Фенрих ответил таким тоном, в котором, казалось, звучало искреннее сожаление:
— Между лейтенантом Барковом и мною были, к сожалению, довольно-таки натянутые отношения уже с самого начала, этого я отрицать не могу. И господин обер-лейтенант Крафт установит это рано или поздно — если уже не знает об этом.
— Мой дорогой Хохбауэр, напряженность, как известно, может привести к улучшению результатов и даже достижению наилучших показателей. Только противоречия приводят к появлению больших гармоний. — Капитан Ратсхельм вслушивался в свои собственные слова не без приподнятого чувства и удовлетворения тем, что в состоянии дать такой отличный ход мыслям.
— Однако имеются противоречия, господин капитан, которые являются непреодолимыми — наподобие тех, из-за которых мы взялись вести эту войну.
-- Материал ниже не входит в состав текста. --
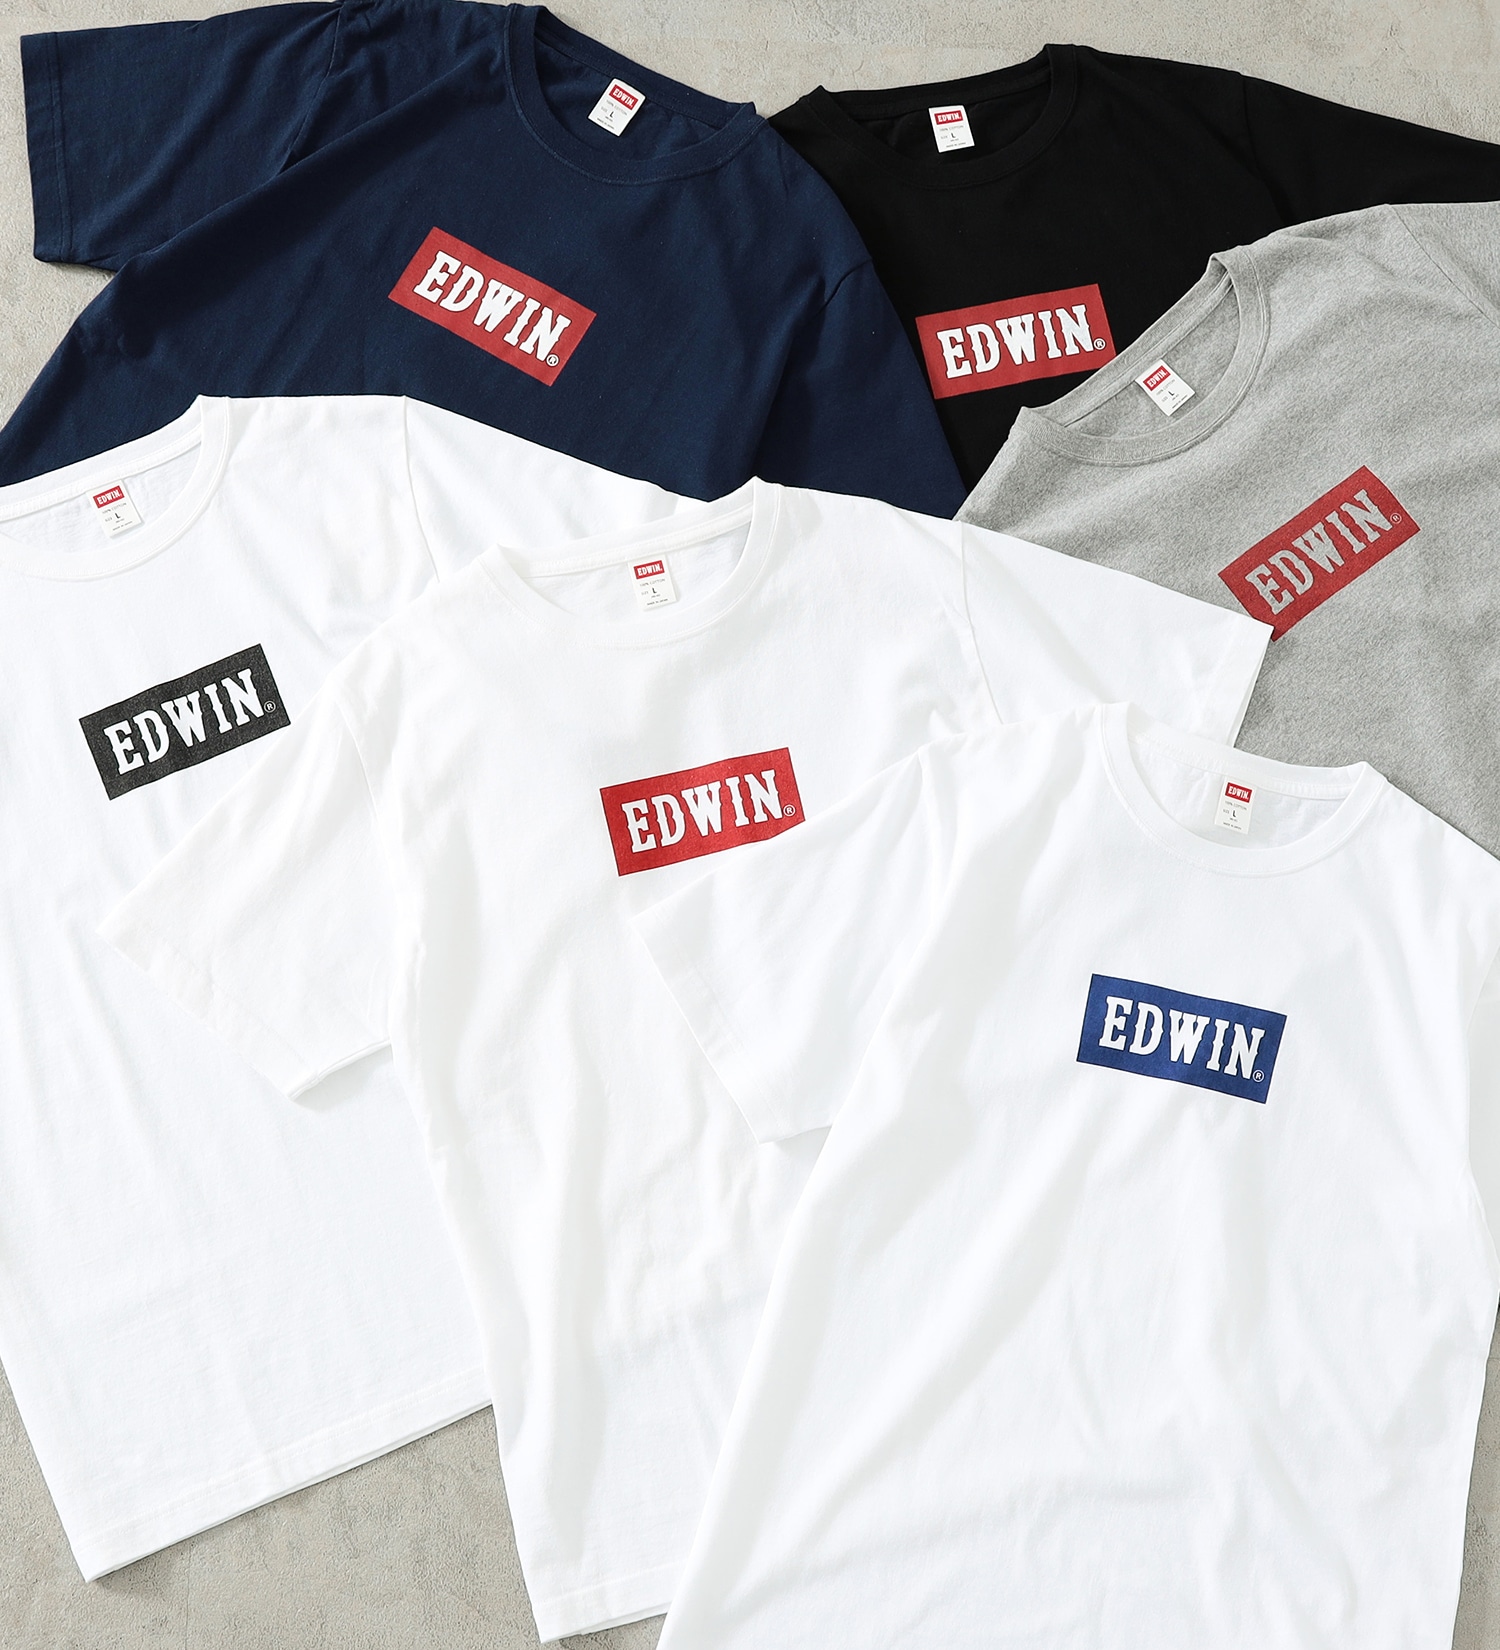 EDWIN(エドウイン)の【SALE】【コンセプトショップ限定】EDWIN LOGO TEE|トップス/Tシャツ/カットソー/メンズ|ホワイト2

Не правда ли, господин капитан, для немца не должно быть никаких противоречий с Германией?
— Конечно же нет! — воскликнул Ратсхельм убежденно. — Тот, кто не за Германию, не может быть немцем!
— А наш фюрер — это Германия, не так ли?
Капитан Ратсхельм подтвердил это с большой готовностью. Такой образ мышления был привит ему, и он в это верил, как и миллионы других. Ничто не казалось ему более само собой разумеющимся, чем это: фюрер, рейхсканцлер, верховный главнокомандующий вермахта — он олицетворял Германию! Так же как кайзер — империю, Фридрих Второй — Пруссию. В этом нечего было изменять. Все остальное было государственной изменой. А измена должна, совершенно ясно, караться смертью.
На этом месте Ратсхельм споткнулся. Здесь полет его фантазии остановился: он сам дал ей такую команду. Вид Хохбауэра облегчил ему принятие этого решения: такой был способен лишь на благородные поступки! По-другому и быть не могло.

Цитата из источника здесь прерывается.